Brief: Where a picture appears, leave it out, and transcribe all the lines below exactly.

Given material:
····················
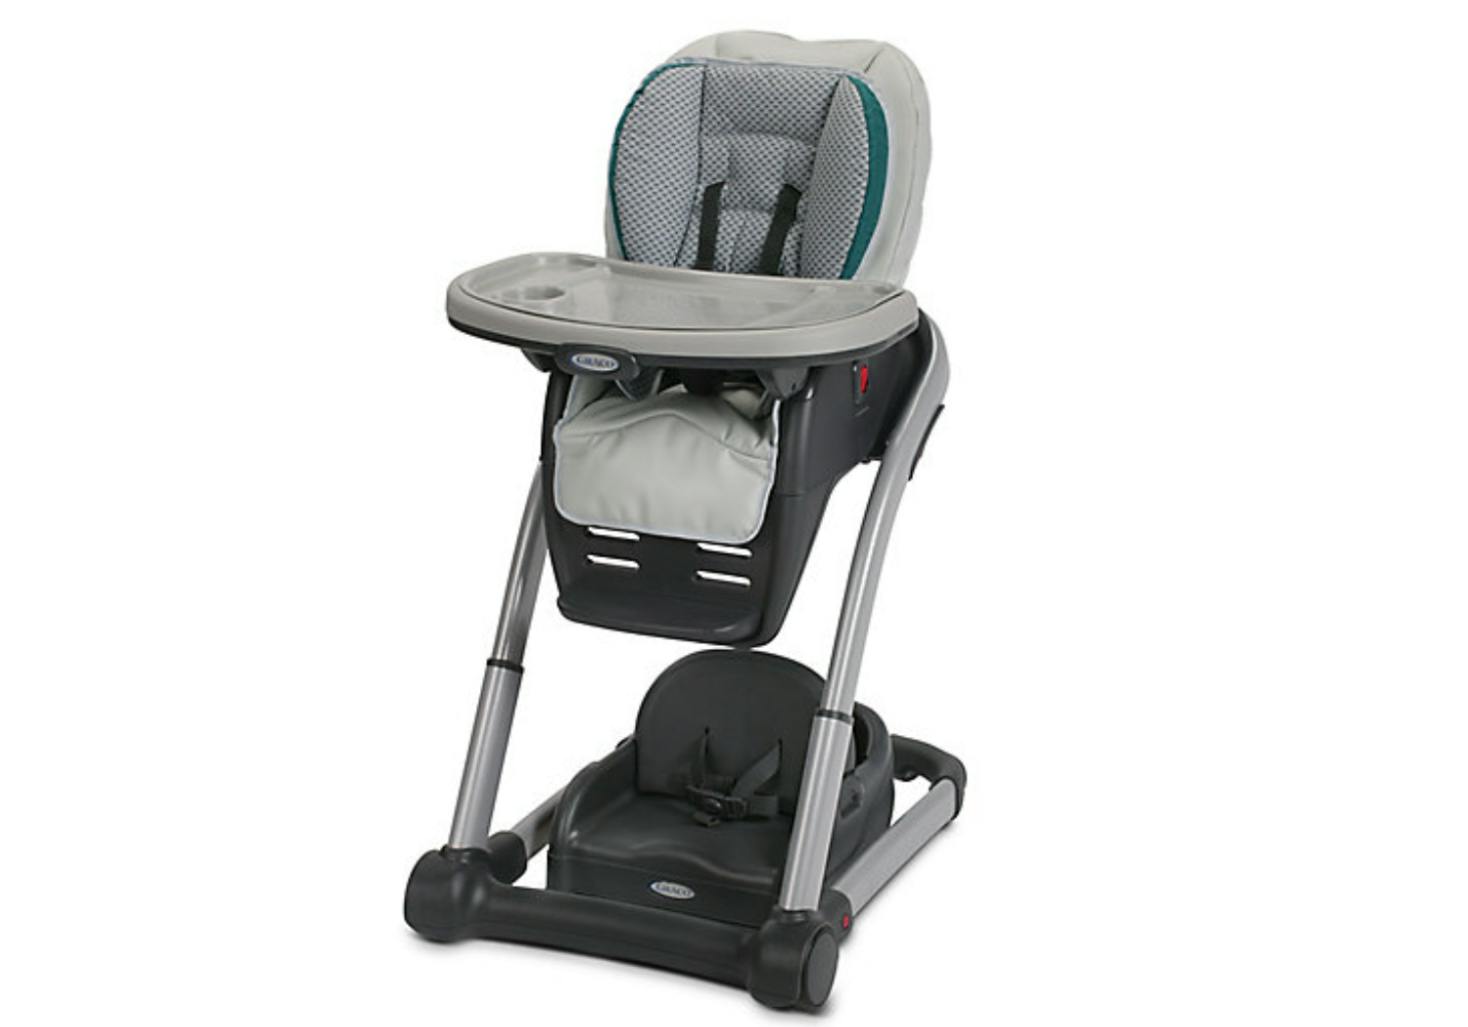 The Graco Blossom 6-in-1 Convertible High Chair.
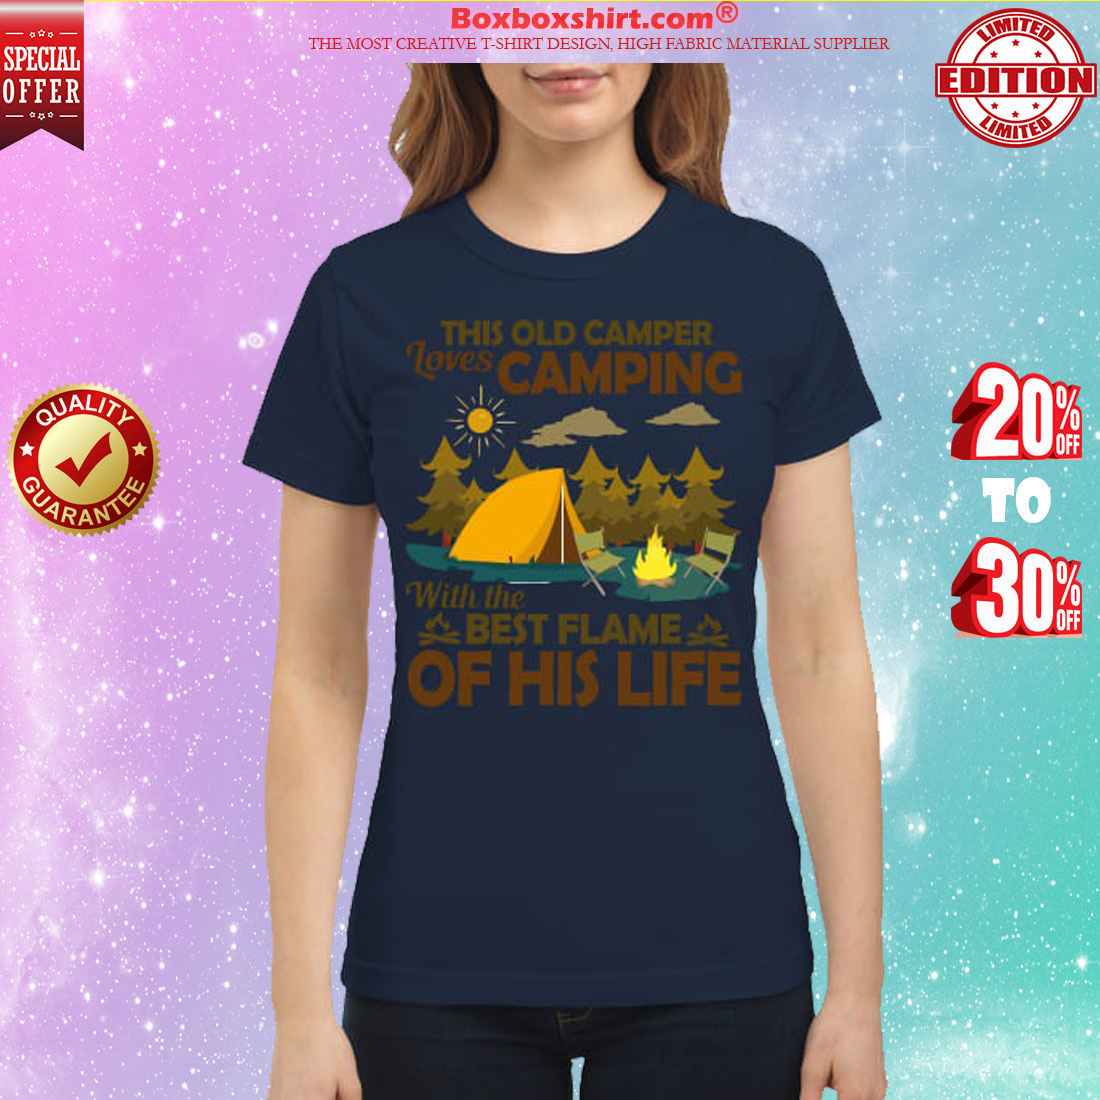 This old camper love camping with the best flame of his life classic shirt
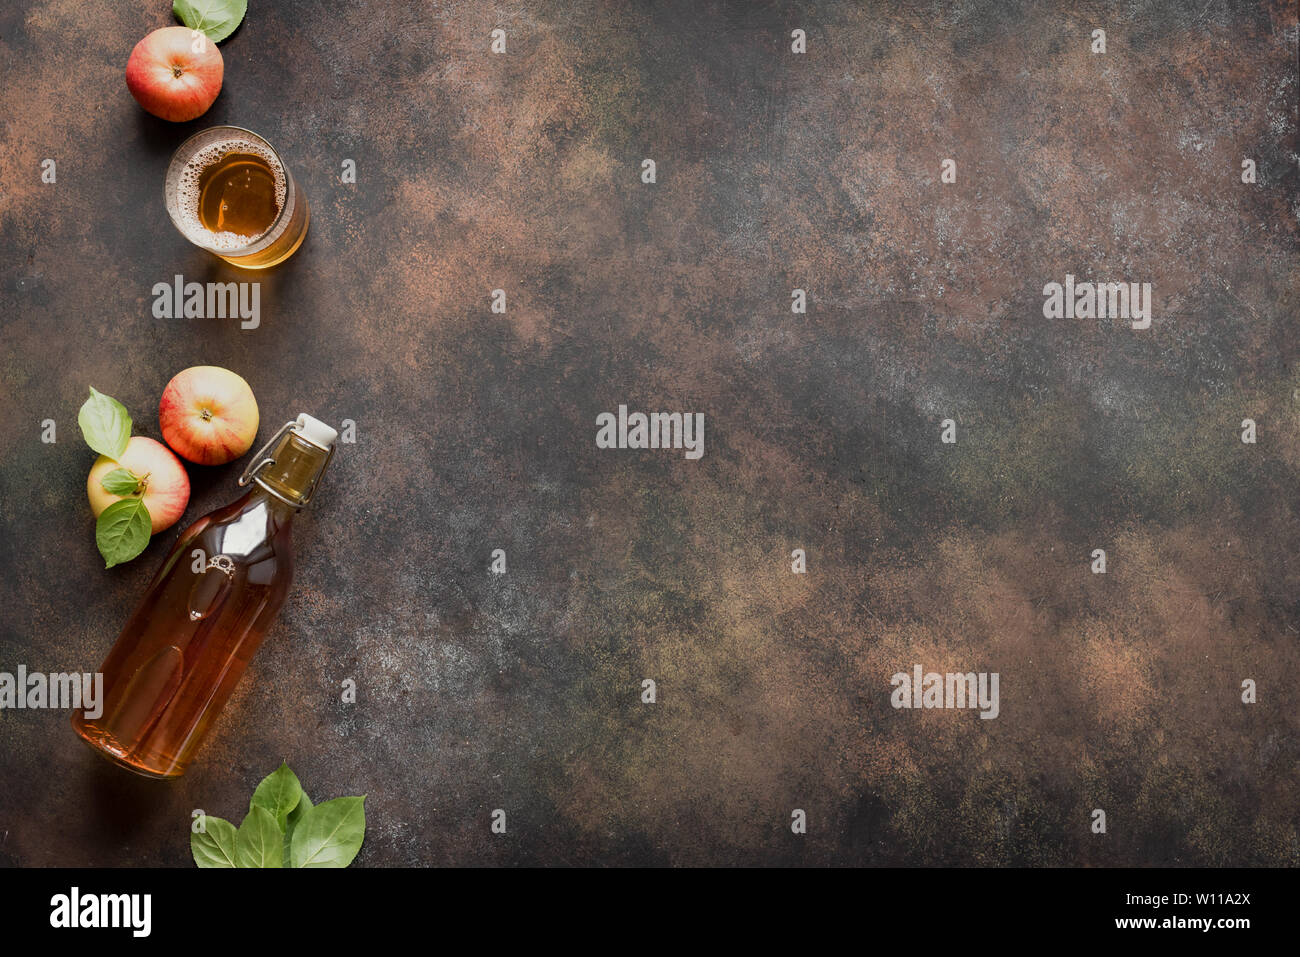 Apple cider drink or fermented fruit drink and organic apples on dark, top view, copy space. Healthy eating and lifestyle concept. Stock Photo
····················
Finished exercise:
 The Graco Blossom 6-in-1 Convertible High Chair.
 This old camper love camping with the best flame of his life classic shirt
 Apple cider drink or fermented fruit drink and organic apples on dark, top view, copy space. Healthy eating and lifestyle concept. Stock Photo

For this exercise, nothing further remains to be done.